Giorgia Meloni is the third-longest-serving Italian prime minister

This is how Meloni carries on: she never truly exposes herself, avoids journalists' questions like the plague, and steers clear of taking ownership of her government's real political challenges.

Giorgia Meloni is the third-longest-serving Italian prime minister
Rocco Vazzana
4 min read

Giorgia Meloni has surpassed Bettino Craxi – only and exclusively in terms of the amount of days spent in office, of course. The first female prime minister in Italian history has notched a new record, reaching third place among the longest-serving premiers, overtaking the Socialist leader who held power for 1,093 days between 1983 and 1986. 

With her 1,095 days, the leader of Fratelli d'Italia has earned her spot on the podium. The top two places, still far into the distance for now, are both held by Silvio Berlusconi, for his second (1,412 days) and fourth (1,287 days) governments.

The prime minister’s bronze medal seems to be the result of a technique never practiced by her predecessors: hide-and-seek. Her approach of going underground while everything burns around her and then acting as if she just happened upon the scene has paid off – from the recessionary economy to the genocide in Gaza, not to mention the tariffs imposed by her friend Trump. 

Her strategy of riding someone else's coattails to gain access to halls of power that were previously off-limits to the heirs of a post-fascist party has also paid off. She did it with Mario Draghi, ostensibly an adversary, whom she used as a sponsor to get through the door at the White House. She did it with Joe Biden, used as an indispensable ticket to gain acceptance into the European club, where Meloni had previously been treated like just another Marine Le Pen.
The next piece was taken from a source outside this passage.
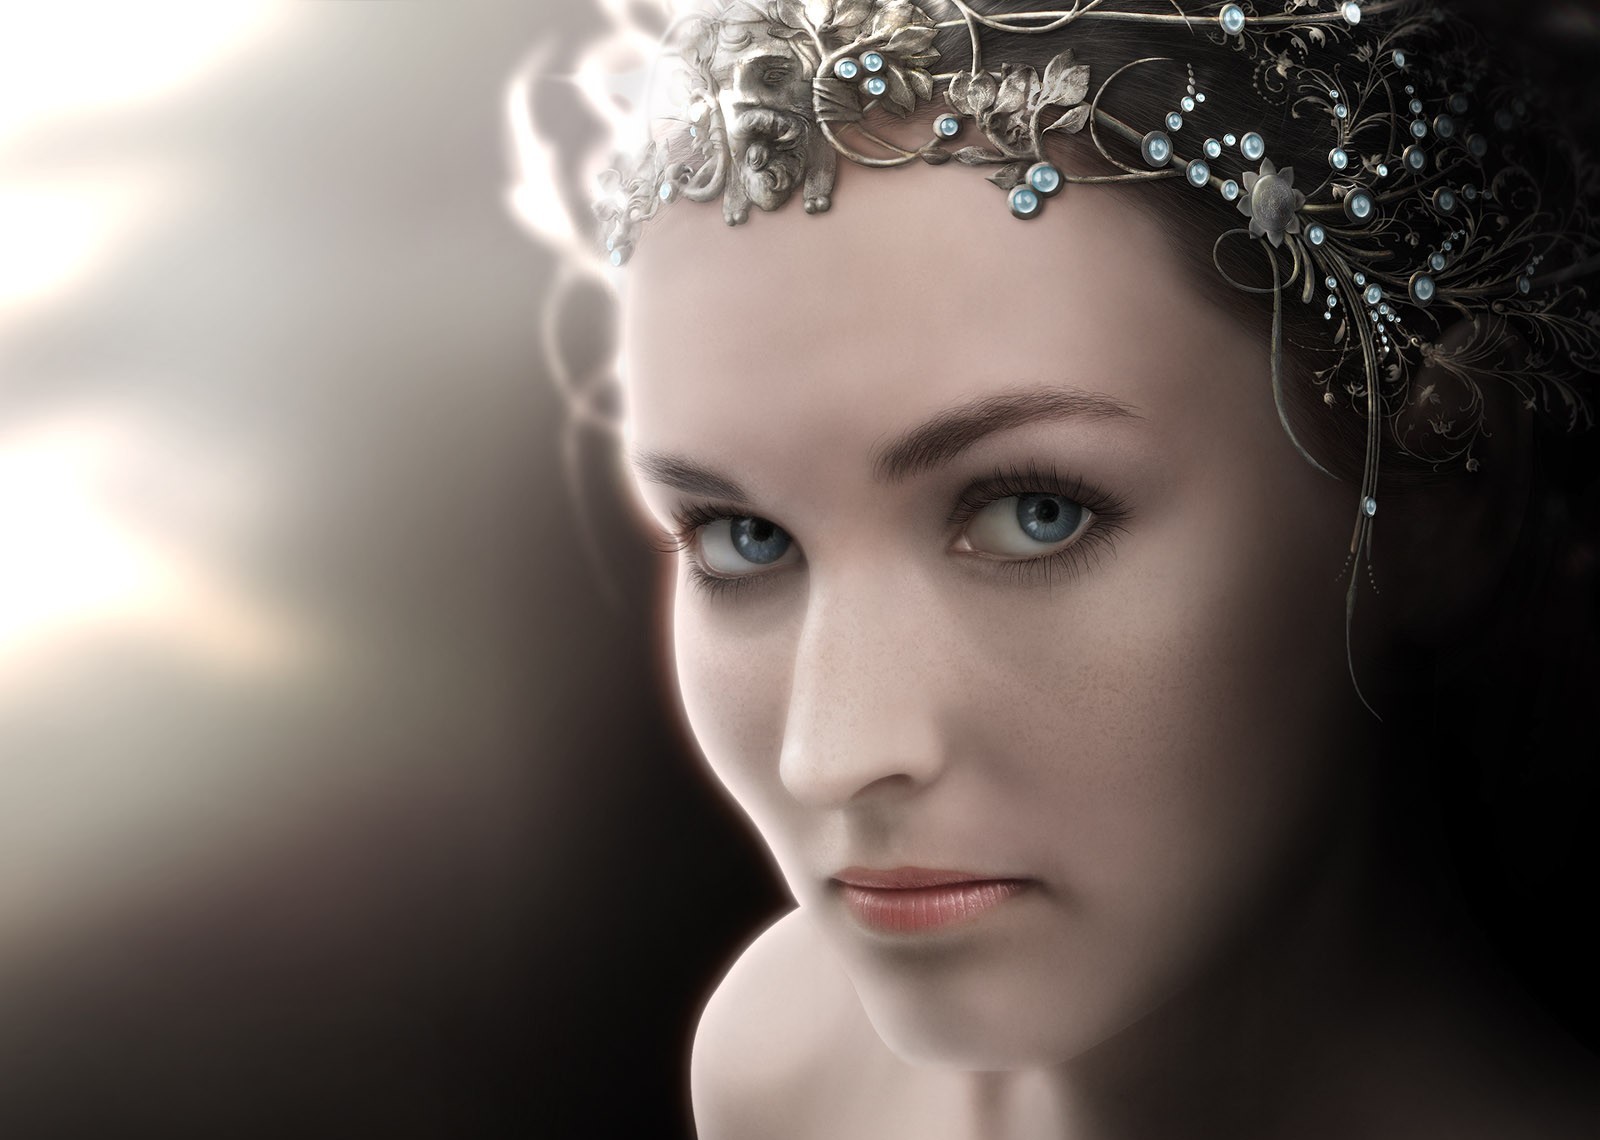 General 1600x1140 CGI fantasy art face crown digital art women looking at viewer

And she also did it with Ursula von der Leyen, who later became a key ally of sovereignism.

Meloni’s ultra-Atlanticist conversion, which began during the Draghi government, was the necessary step to plant a seed that would bear fruit with the re-election of Donald Trump, the sworn enemy of a leaderless Europe. It is no coincidence that the U.S. president himself congratulated the Italian prime minister on Monday, reposting a tweet from LynneP, a MAGA account, on Truth Social: “Giorgia Meloni defies the EU and tries to get a direct trade deal with Trump. Well done Meloni. Brilliant move.” So brilliant, perhaps, that it blindsided her own Deputy Prime Minister and ally, Antonio Tajani, who rushed to do damage control: “We have always worked with the EU and thanks to Italy, some important steps forward have been made.”
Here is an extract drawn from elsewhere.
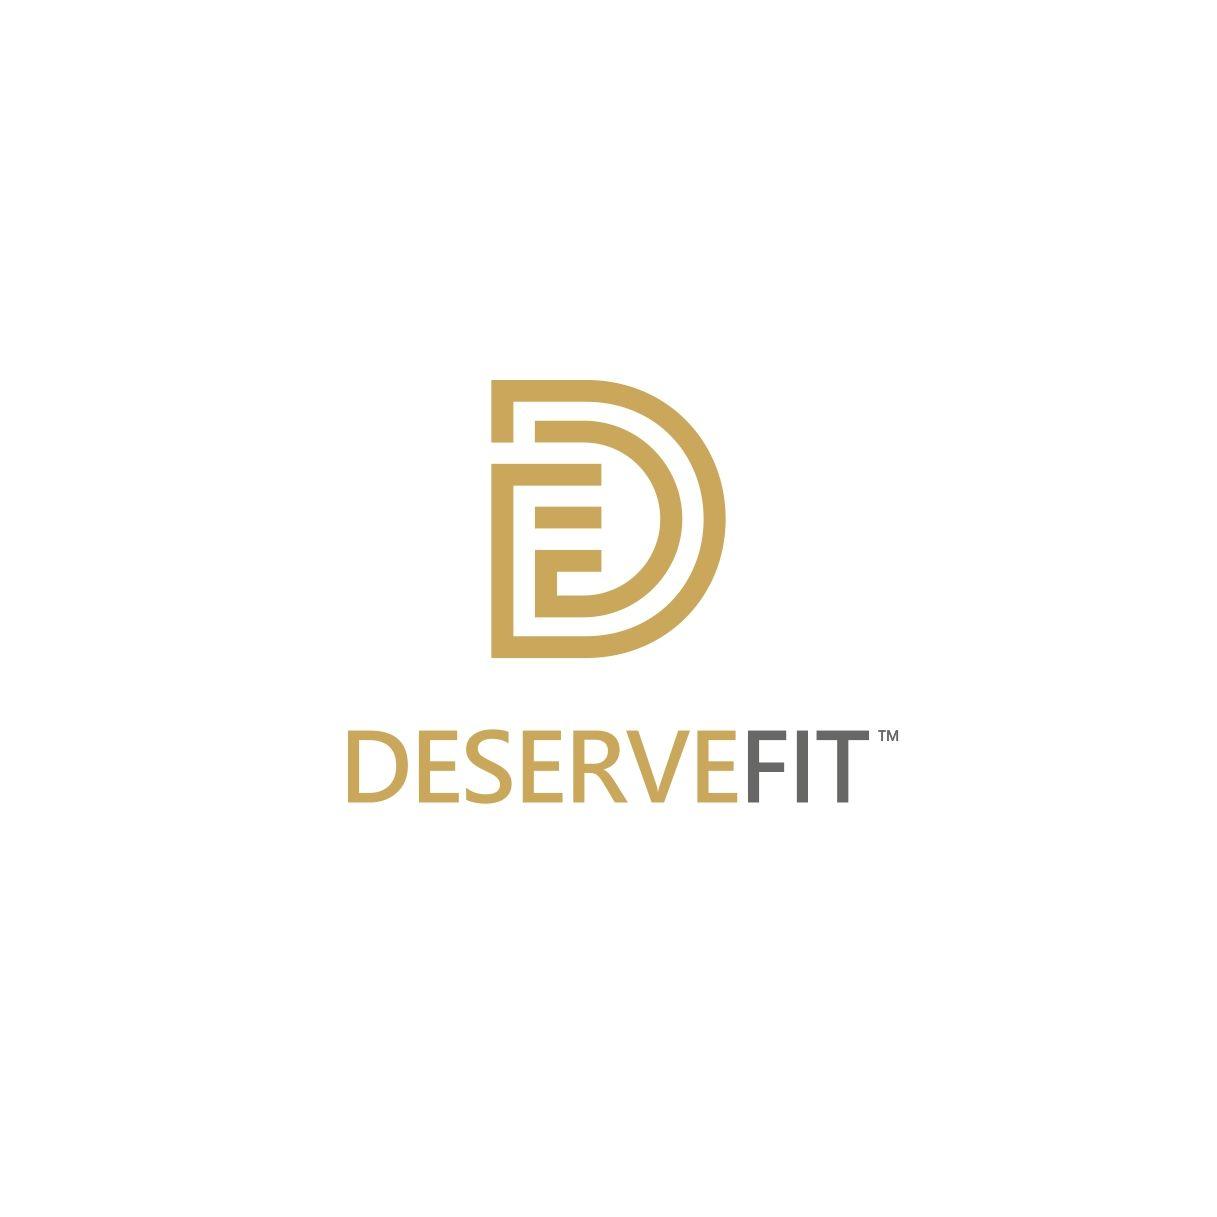 Deservefit
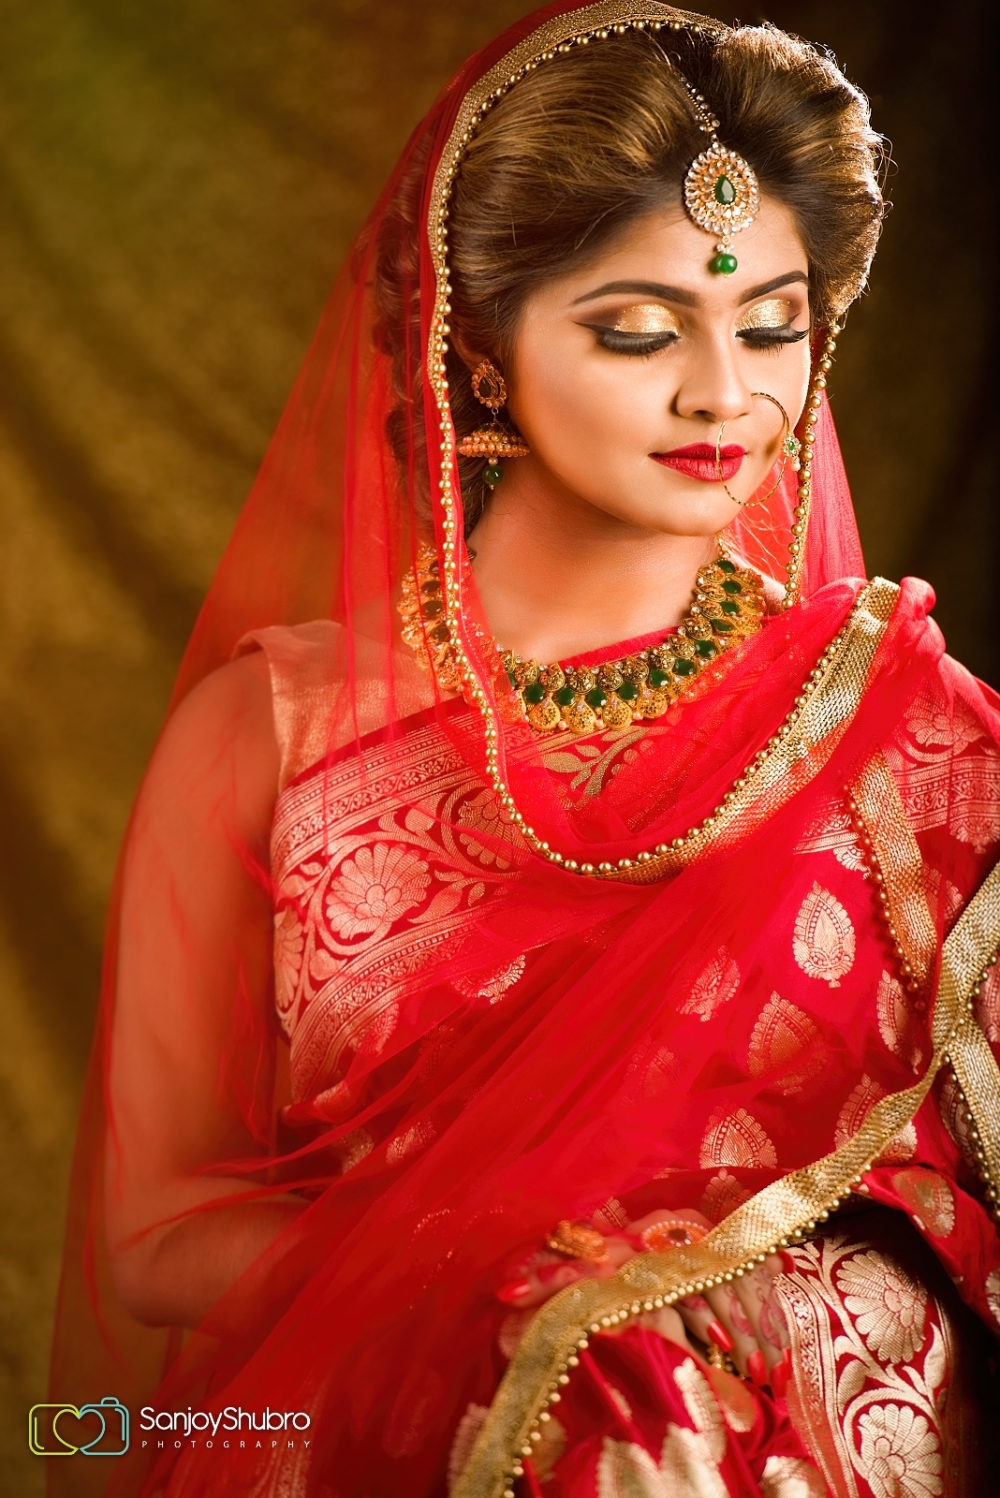 Bangladeshi bride, trendy bride, makeup and hairstyle

Meloni herself did not comment on the matter, leaving it to the usual anonymous “sources at Palazzo Chigi” to set the record straight: namely that trade negotiations are the exclusive competence of the EU, but at the same time “bilateral talks have long been underway on the anti-dumping duties proposed by the Department of Commerce against certain Italian pasta producers.” In other words: no, but also yes.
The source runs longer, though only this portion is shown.